English Cottage and Country Gardens - VideoStudio

10 Ideas to Steal from English Cottage Gardens

When done well, cottage gardens seamlessly blend colors, textures , forms and even fragrance. If you are not one to follow rules, cottage style may be your default. There's no concern for spacing, no worry about planting in odd numbers, no graduations in height. A cottage garden's greatest appeal is that it seems to lack any conscious design. But even a cottage garden needs to be controlled.

Discover some key plants for a cottage-style look. The cottage garden is a much-loved planting style — a pretty, romantic jumble of bulbs, annuals, perennials and flowering shrubs and climbers. In contrast to a more carefully manicured herbaceous border, a cottage garden is an informal affair — a mix of closely but informally planted brightly coloured flowers. Cottage gardens are made up of a mix of colours, as opposed to a strict colour scheme. They are also likely to make use of self-seeders such as foxgloves and aquilegias , which pop up spontaneously around the garden or in cracks in paving, adding to the informal look. Discover plants that self-seed. Traditionally, cottage gardens had an emphasis on practicality, mixing livestock, vegetables and fruit as well as flowers, which were mostly grown for their medicinal or edible properties.

It boasts classic features such as a vegetable patch, an old apple tree, a potting shed and a pond where the white cat sat. Gordon judges at horticultural shows from Hampton Court Palace to Tatton,and has made her name creating small traditional gardens. Cottage gardens evolve over time and with randomness. What is an English cottage garden? But somehow the scale and proportion is right. Overall, a sense of homely privacy, warmth and tranquility in a higgledy-piggledy haven. Cottage gardens have always fulfilled a need and they always will.

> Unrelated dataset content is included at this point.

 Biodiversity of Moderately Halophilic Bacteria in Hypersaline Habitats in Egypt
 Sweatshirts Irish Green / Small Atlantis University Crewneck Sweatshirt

Other cottage garden plants to try

The best cottage gardens look like they planted themselves. But the design principles they follow are simple. The English invented the cottage garden, probably in the s when even the humblest plots of land were pressed into service to produce food for families. Every inch of earth counted—with herbs, fruit trees, and flowers which attracted bees to pollinate crops jammed close together. Aside from being practical, the effect was charming.

3 thoughts on “The Cottage Garden by Christopher Lloyd

  1. There's no concern for spacing, no worry about planting in odd numbers, no graduations in height. A cottage garden's greatest appeal is that it.